(WHAT NEEDS TO BE DONE): Every line of the listing is returned unchanged, and every picture is dropped.

(DATA SHOWN):
----

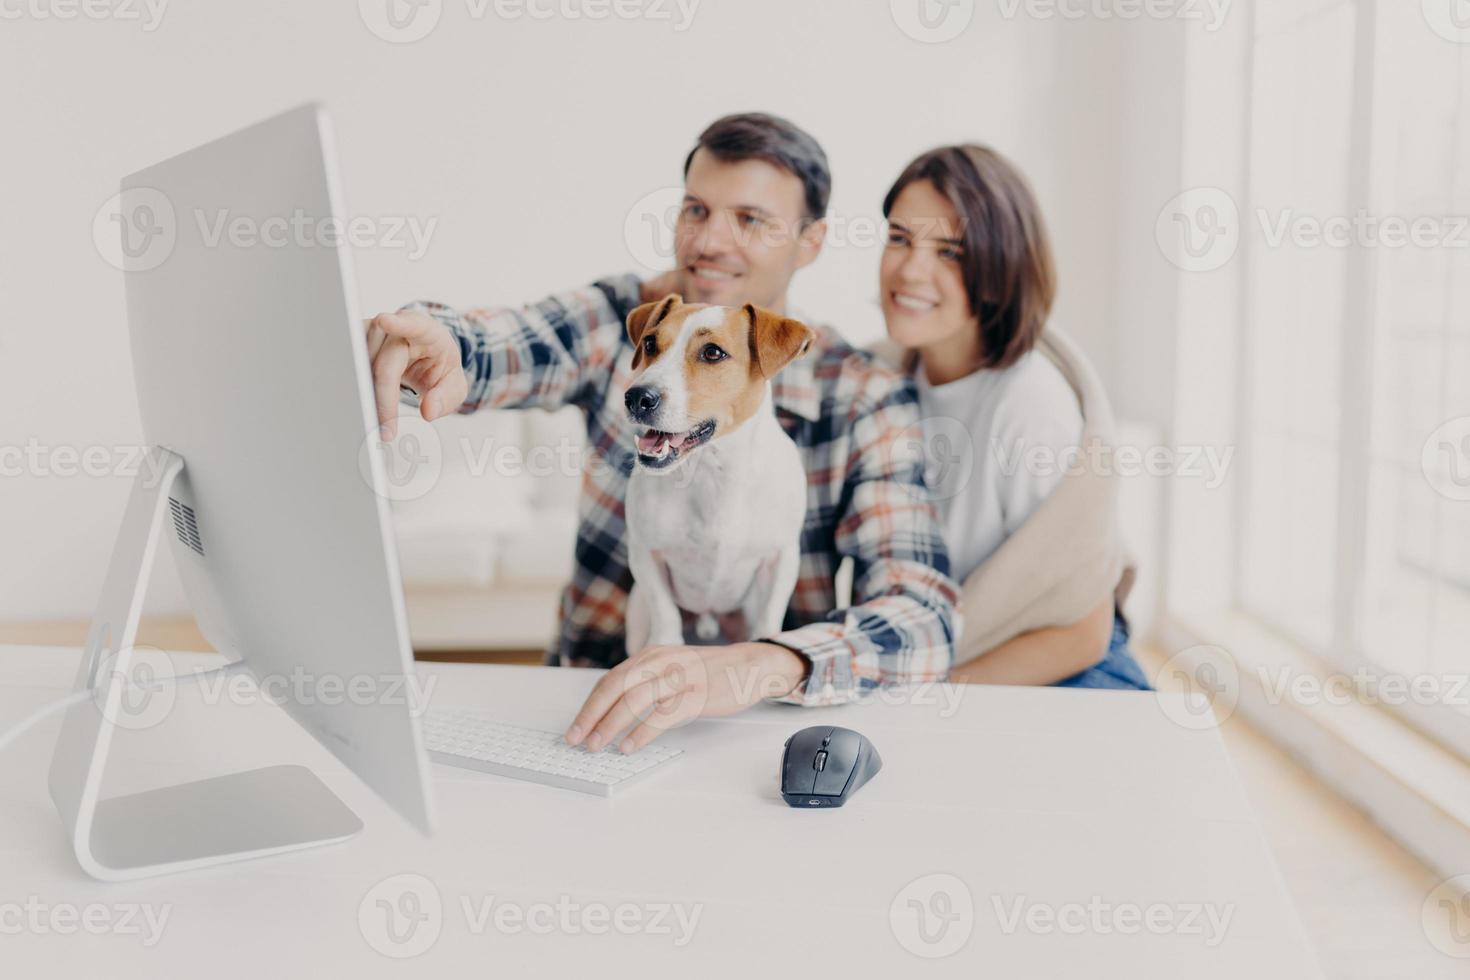 jovem e homem satisfeitos assistem ao conteúdo do computador
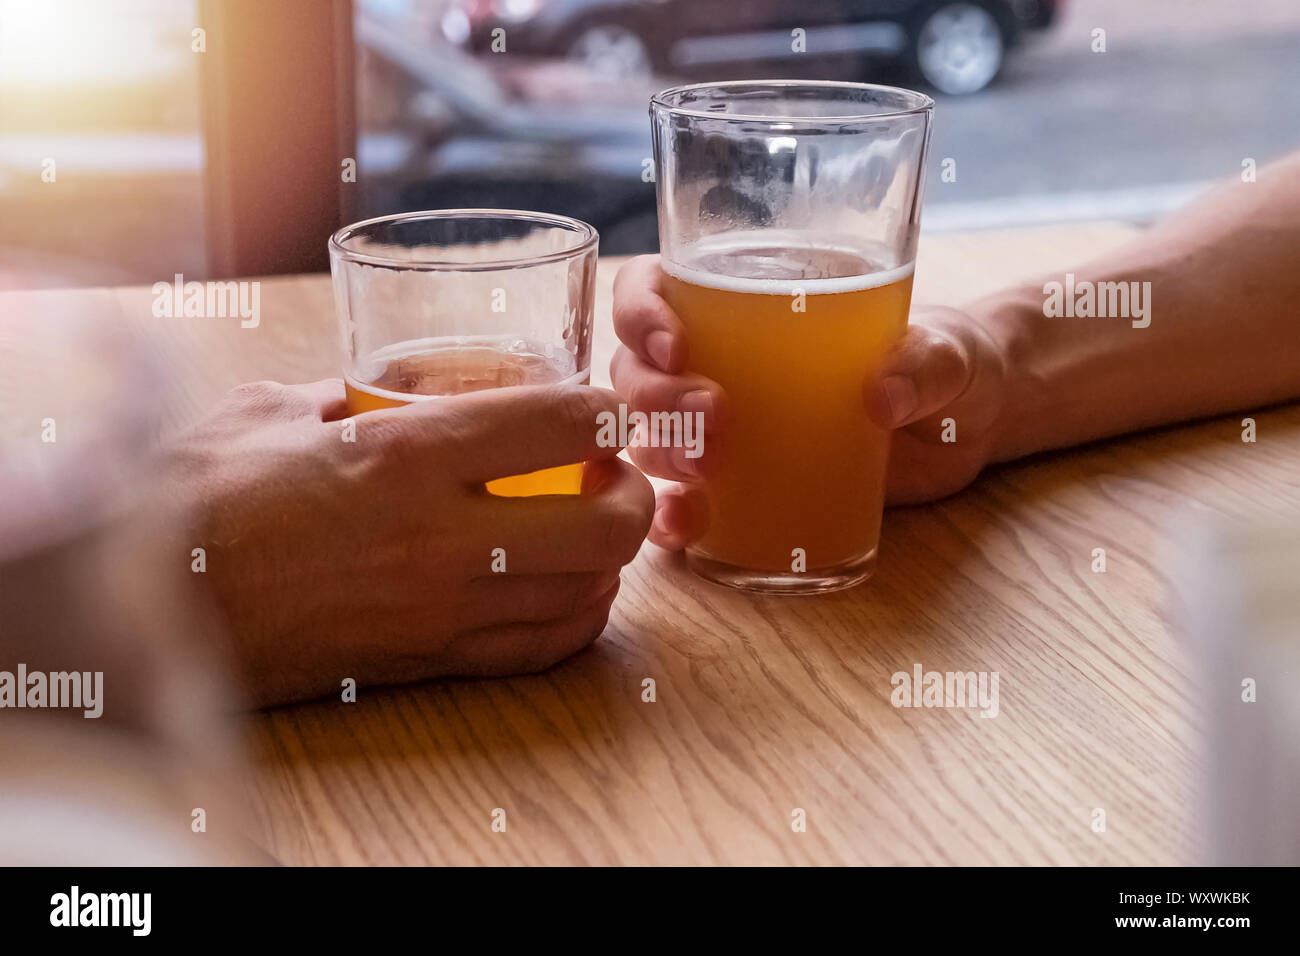 Man's hands holding deux verres de bière ou de trinquer au pub, close-up Banque D'Images
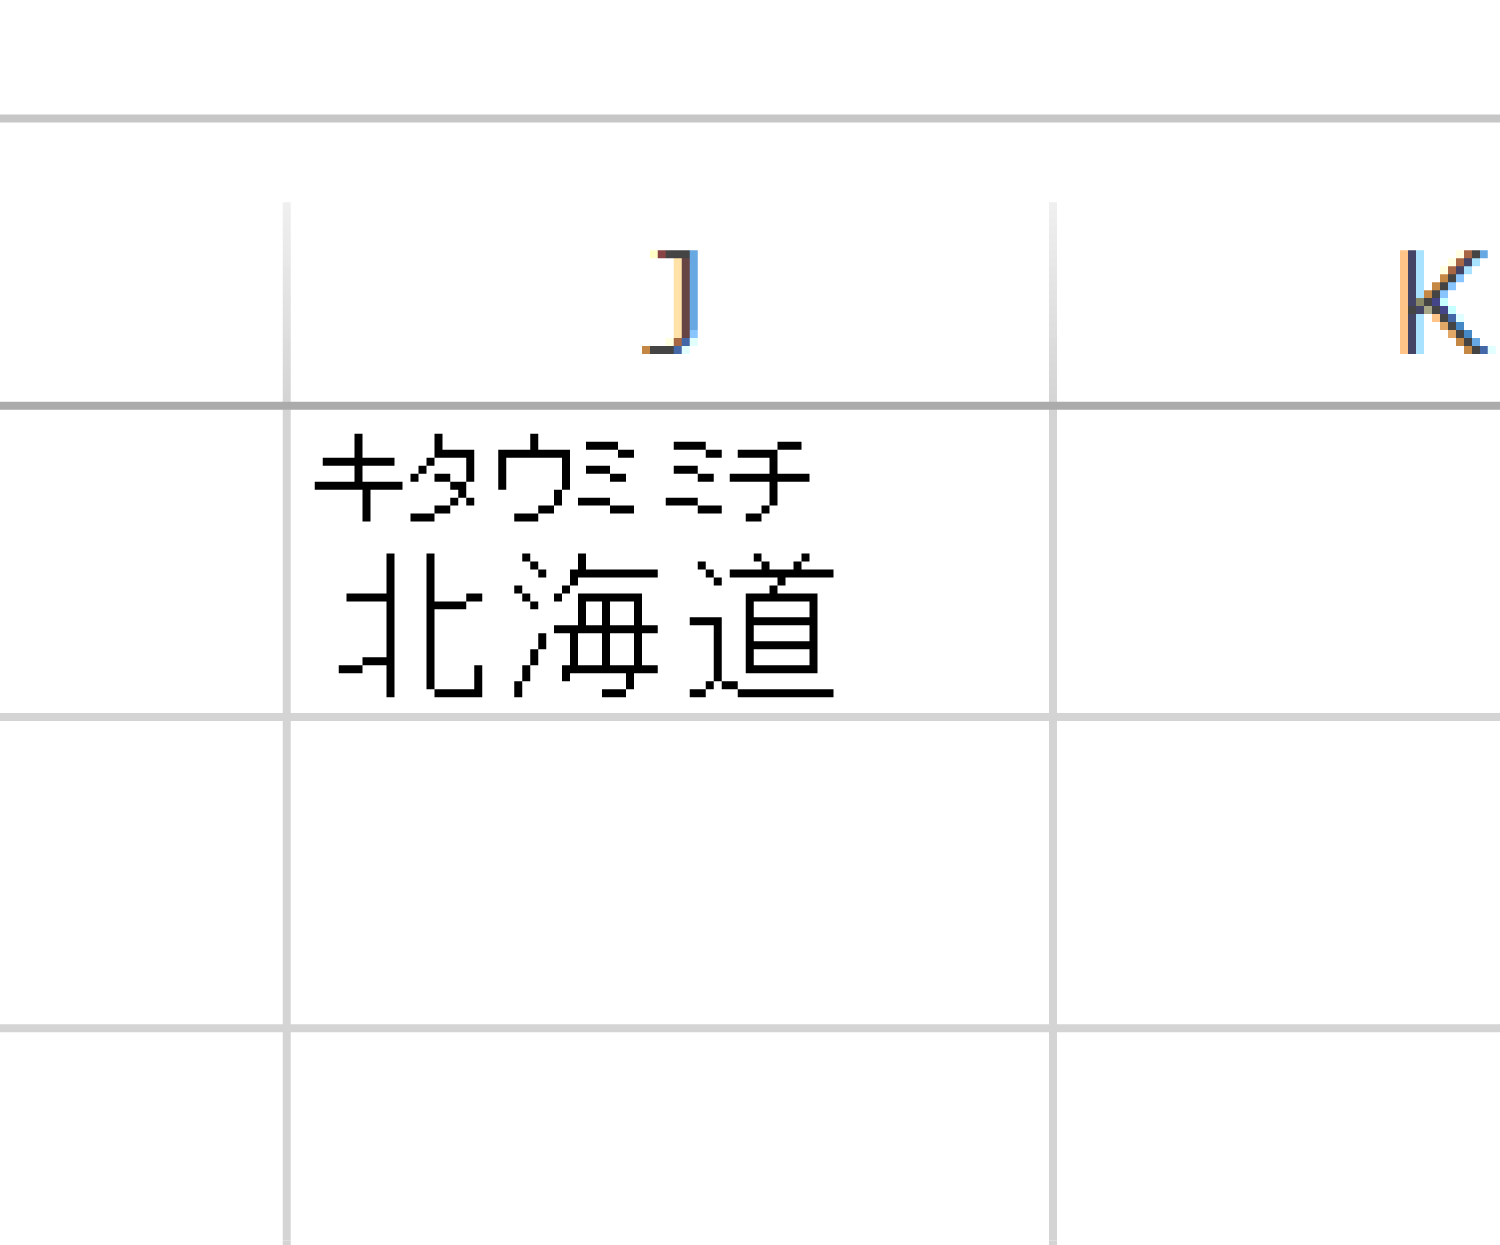 Excelで漢字にフリガナを表示する3

----

(WRITTEN RESPONSE):
 jovem e homem satisfeitos assistem ao conteúdo do computador
 Man's hands holding deux verres de bière ou de trinquer au pub, close-up Banque D'Images
 Excelで漢字にフリガナを表示する3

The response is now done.